— How to complete this task —
Leave every picture out, and give again exactly the lines from the one containing "Boys & Girls Brown Cut-out Sandals" through the end of the listing.

— Supplied material —
================

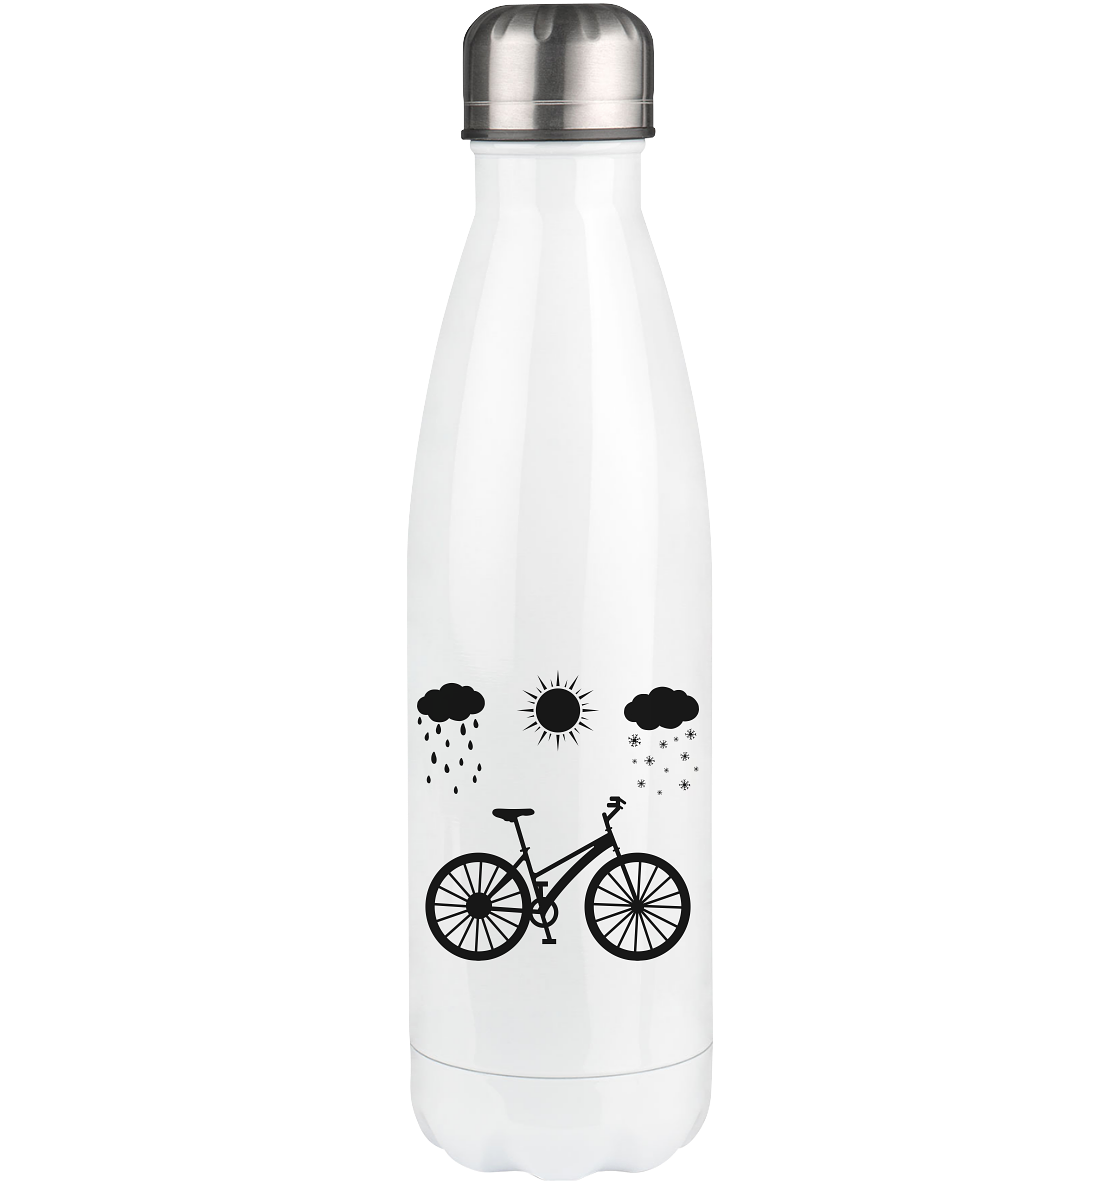 All Seasons and Bicycle - Edelstahl Thermosflasche fahrrad 500ml
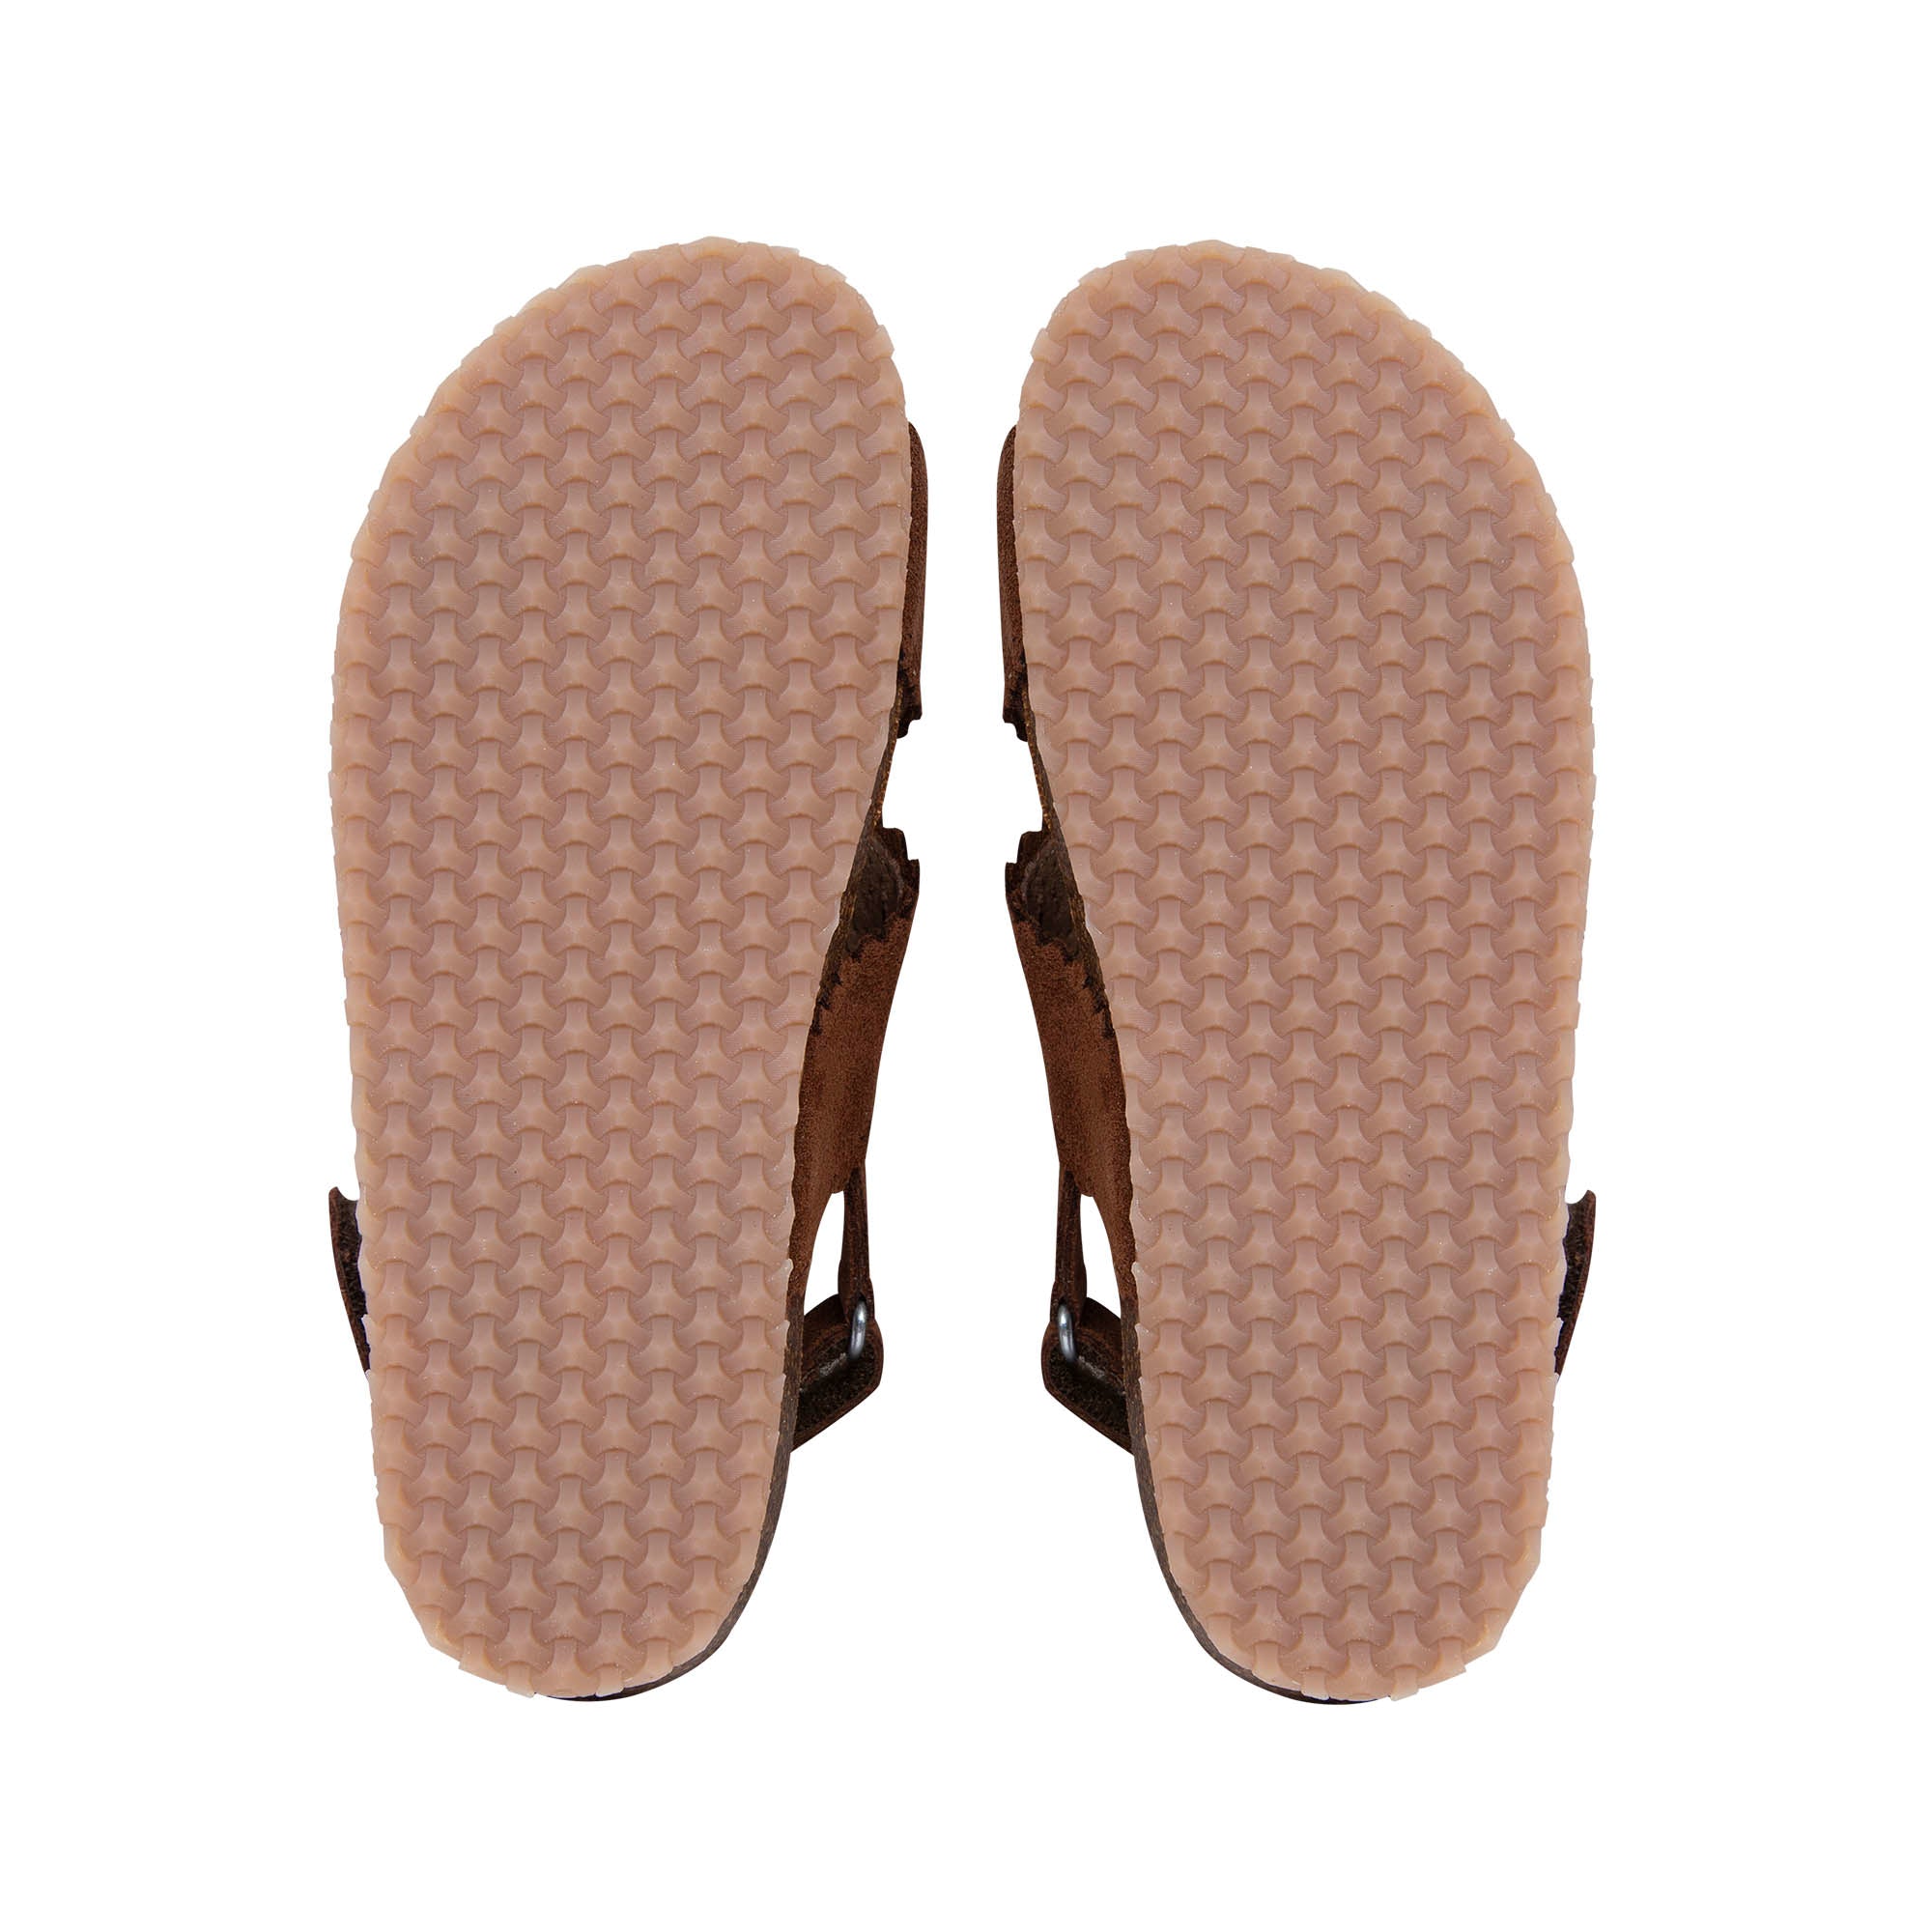 Boys & Girls Brown Cut-out Sandals
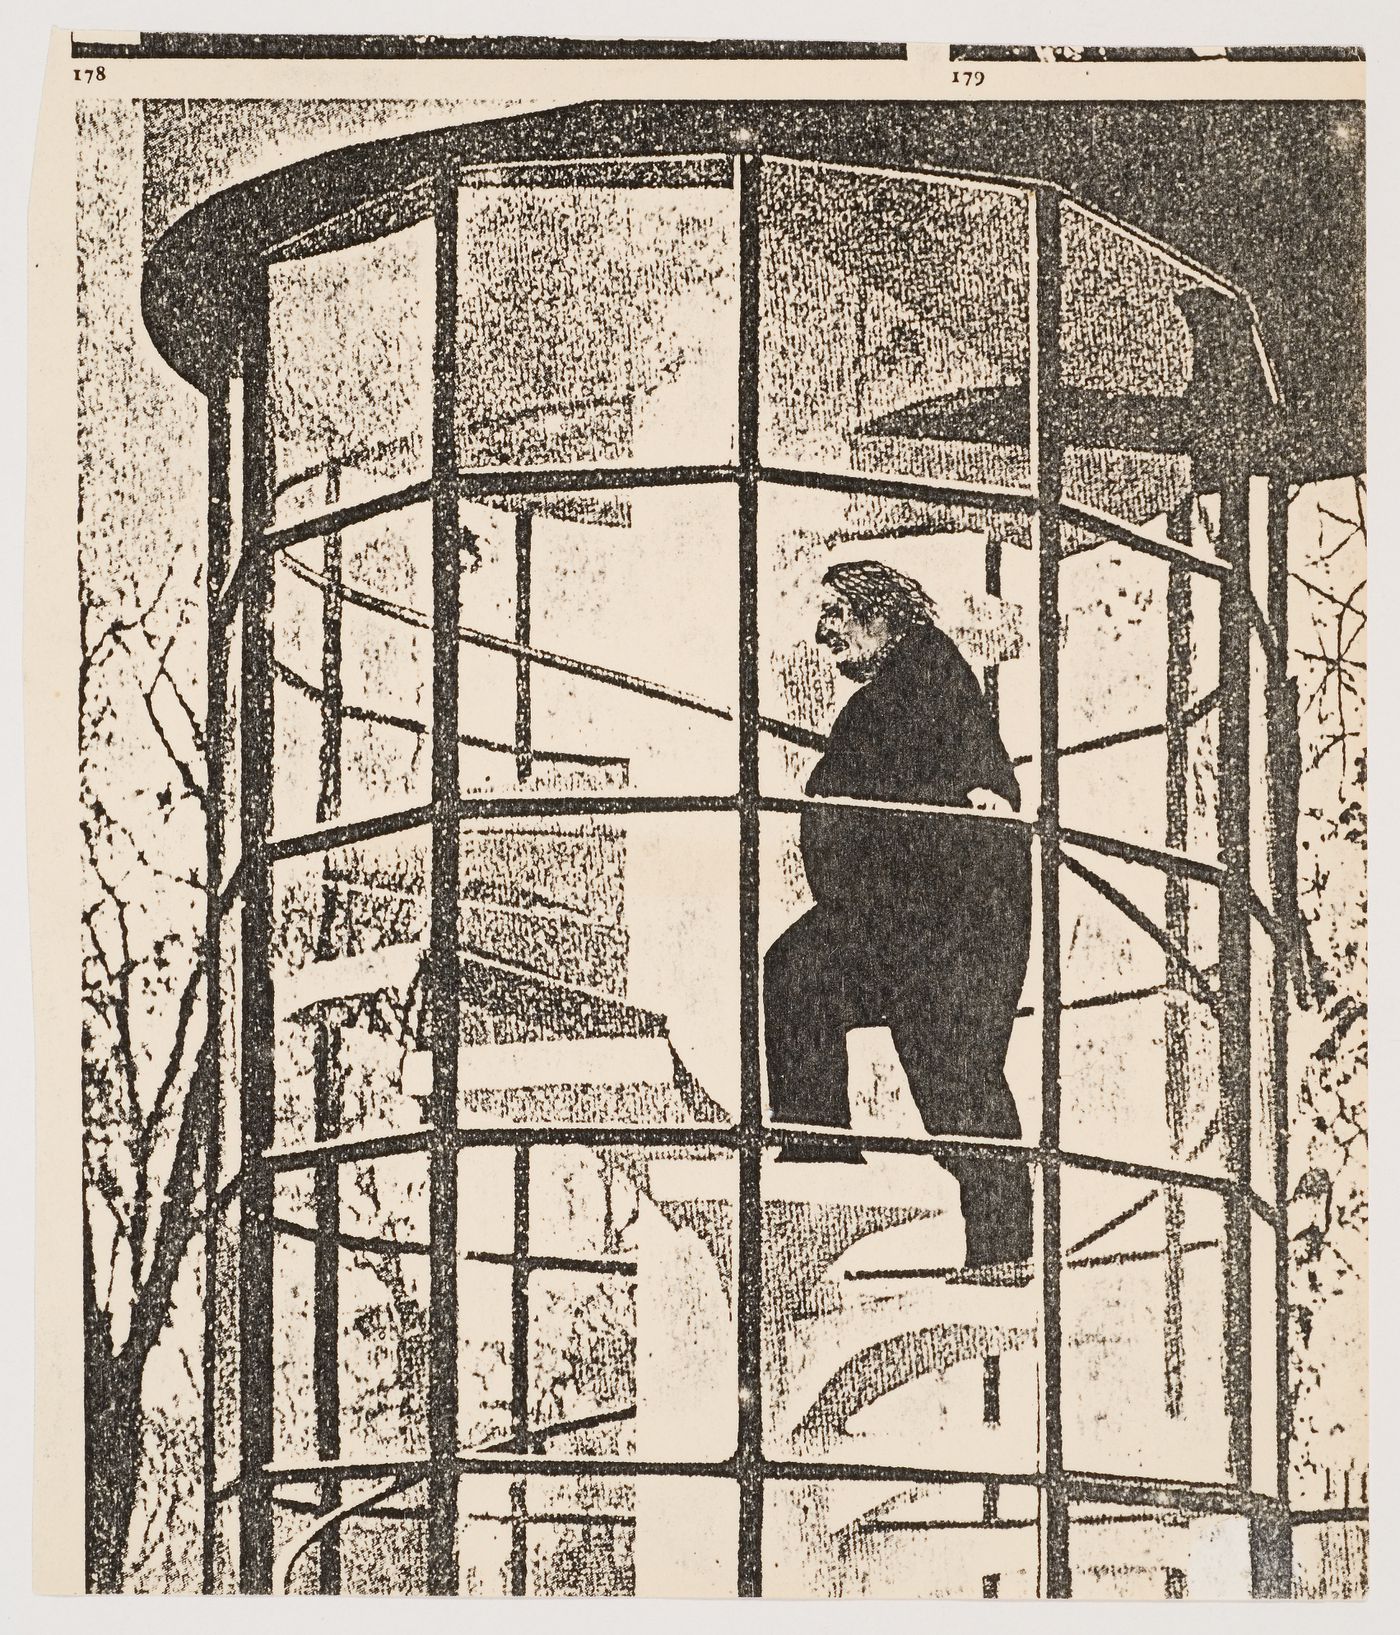 Clipping of a view of James Stirling on the spiral staircase of Leicester University Engineering Building

================

— Final answer —
 Boys & Girls Brown Cut-out Sandals
 Clipping of a view of James Stirling on the spiral staircase of Leicester University Engineering Building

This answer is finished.